The questions in this section use the following graph:

For heuristic_1, pick heuristic values so that, for the goal node G, the heuristic is both admissible and consistent. Fill in the values by replacing the list of five None's with five numbers:

[h1_S, h1_A, h1_B, h1_C, h1_G] = [None, None, None, None, None]

For heuristic_2, pick heuristic values so that, for the goal node G, the heuristic is admissible but NOT consistent.

For heuristic_3, pick heuristic values so that, for the goal node G, the heuristic is admissible but A* returns a non-optimal (i.e., not the shortest) path to the goal. That is, it should return the non-optimal path (S-B-C-G).

For heuristic_4, pick heuristic values so that, for the goal node G, the heuristic is admissible but NOT consistent, yet A* still finds the optimal (shortest) path to the goal, i.e., (S-A-C-G).

Part 5: Multiple Choice

Fill in the answer to each question in ANSWER_i at the bottom of lab2.py. Each answer should be a string: '1', '2', '3', or '4'.

Question 1: You are in a new house and want to know where all the bedrooms are. You want to find the bedrooms as quickly as possible. Which algorithm should you use?

1. Breadth First Search

2. British Museum

3. A*

4. Branch and Bound with Extended Set

Question 2: You are playing a game in which you are in a maze, and you are trying to exit. All the rooms are different colors, so you know which ones you've been in before, but there is no way of telling where you are in the maze with respect to the exit (until you reach the exit). You win the game if you exit the maze as quickly as possible. Which algorithm should you use?

1. Breadth First Search

2. British Museum

3. A*

4. Branch and Bound with Extended Set

Question 3: Your friend Hammer is an amateur map-maker, and you have asked for directions for a route from your hometown of Oakvale to Bowerstone Marketplace. Your goal is to reach as few towns as possible along the way. Hammer is very bad at estimating distances and remembering where she's already been, so she wants to use the simplest algorithm possible to find what path you should take. Which algorithm should Hammer use?

1. Breadth First Search

2. British Museum

3. A*

4. Branch and Bound with Extended Set

Question 4: Hammer goes to map-maker school and becomes better at distances and memory. Now you ask her for directions for the shortest distance from Bowerstone Marketplace to Silverpine. Which algorithm should Hammer use?

1. Breadth First Search

2. British Museum

3. A*

4. Branch and Bound with Extended Set

API: Graphs and Edges

The file search.py contains definitions for graphs and edges. The relevant information is described here, so you shouldn't need to read the file.

UndirectedGraph

A graph is an object of type UndirectedGraph.

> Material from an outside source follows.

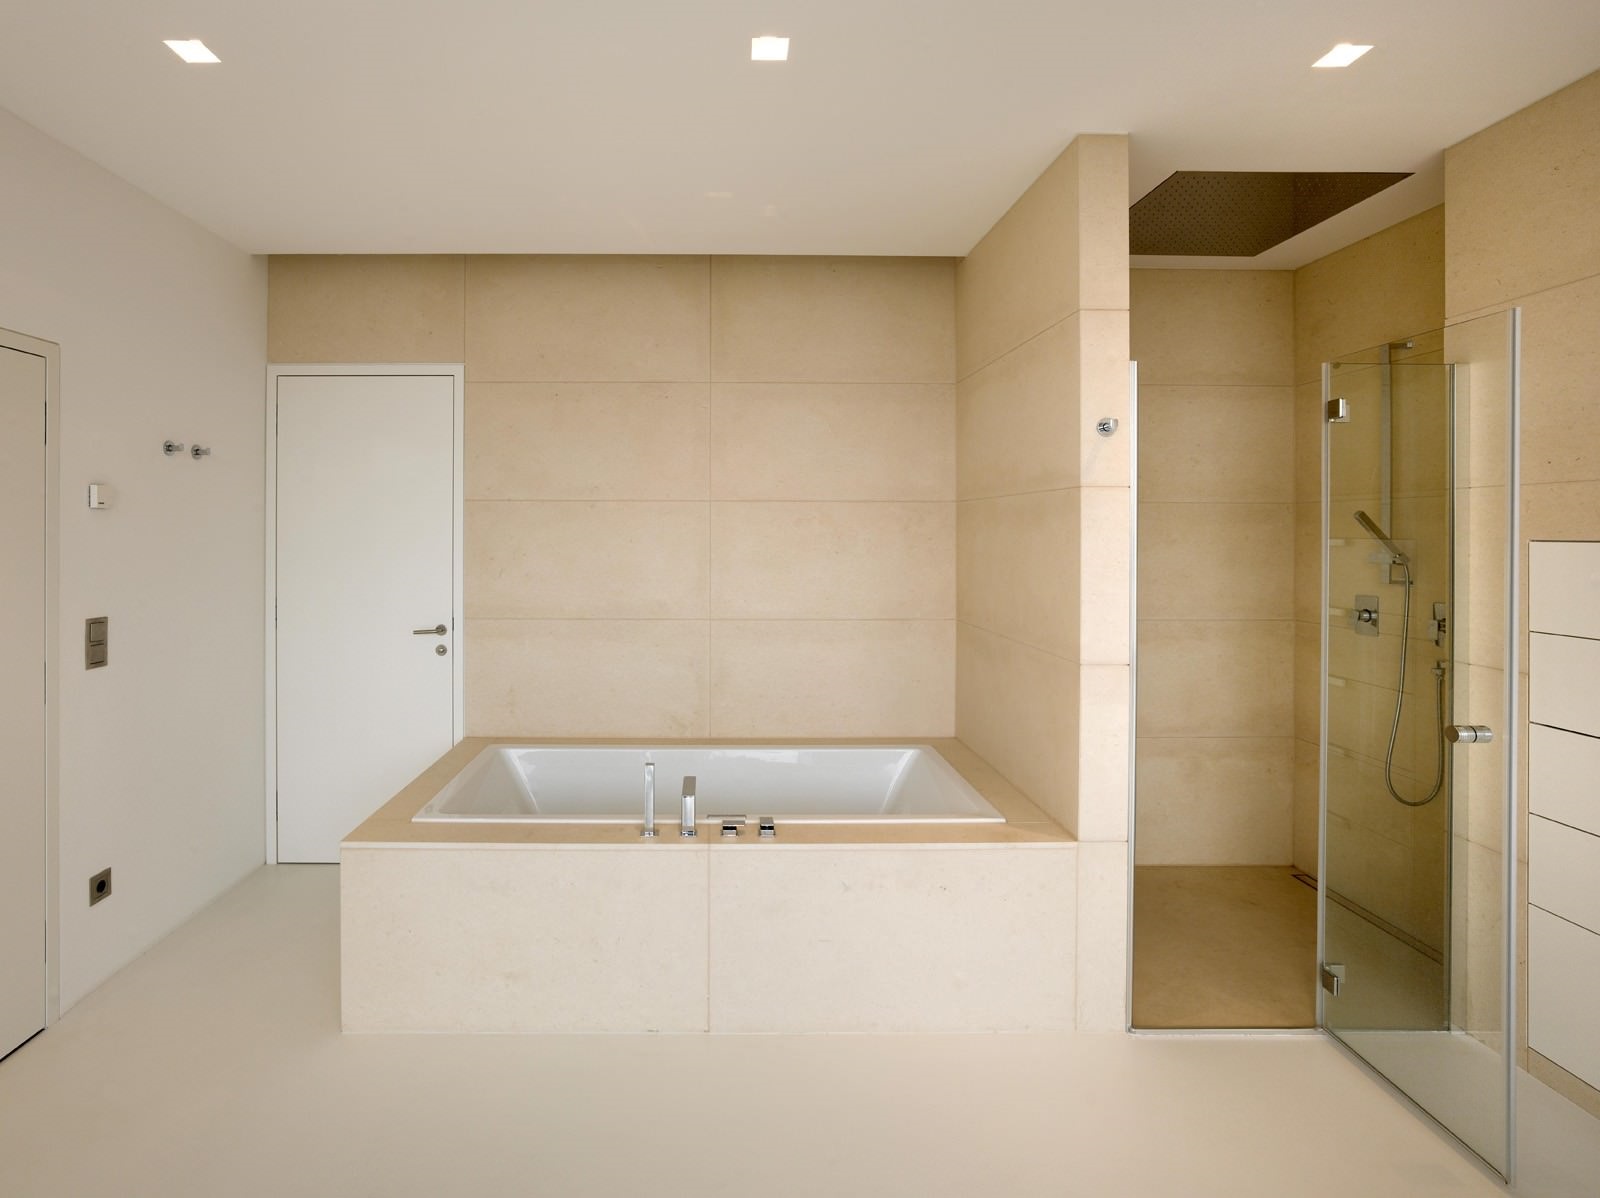 An example of a beautiful bathroom design in beige color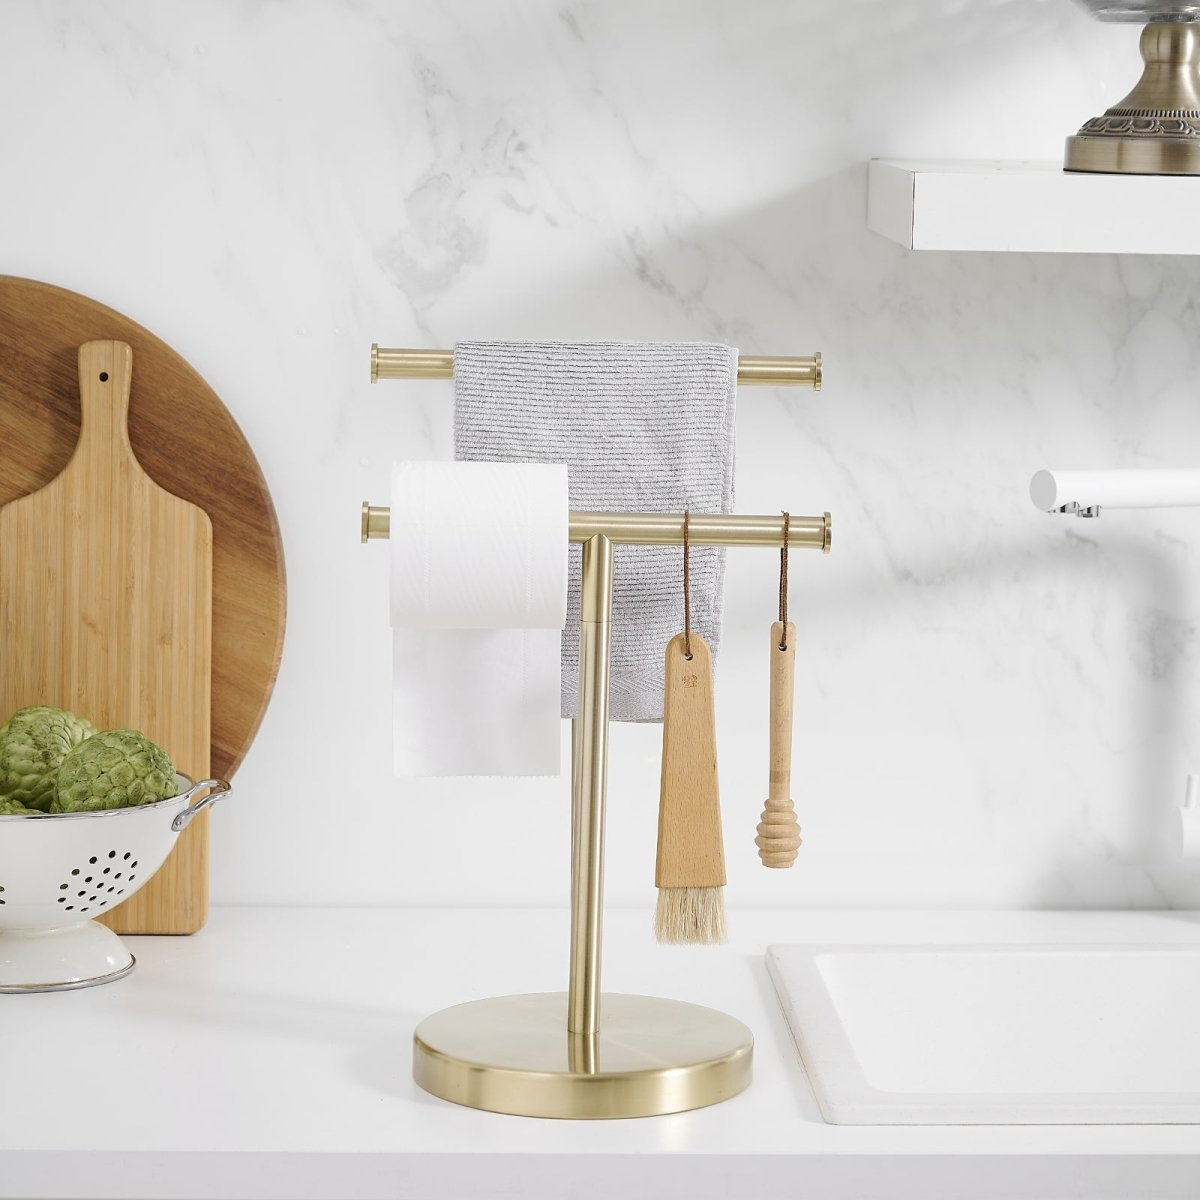 Freestanding Bathroom Toilet Paper Holder with Double T-Shape Gold - buyfaucet.com

An UndirectedGraph object has the following attributes (fields):

nodes: A list of all nodes in the graph.

edges: A list of all edges in the graph.

An UndirectedGraph object has the following class methods:

get_neighbors(node1): Given a node node1, returns a list of all nodes that are directly connected to node1

get_neighboring_edges(node1): Given a node node1, returns a list of all edges that have node1 as their startNode.

get_edge(node1, node2): Given two nodes, returns the edge that directly connects them (or None if there is no such edge).

is_neighbor(node1, node2): Given two nodes, returns True if there is an edge that connects them, or False if there is no such edge.

get_heuristic_value(node1, goalNode): Given two nodes node1 and goalNode, returns the heuristic estimate of the distance from node1 to goalNode.

copy(): Returns a (deep) copy of the graph.

Edge

An edge is an object of type Edge. An Edge object has the following attributes:

startNode: The start node of this edge.

endNode: The end node of this edge.

length: A positive number describing the edge's length, or None if the edge has no length specified or if it is irrelevant.

You can also copy an Edge by using the .copy() method, which returns a deep copy of the edge.

You can check whether two edges e1 and e2 are the same with e1 == e2.

Lastly, you should note that we do not have a dedicated class for nodes (vertices). Nodes are represented as strings or integers.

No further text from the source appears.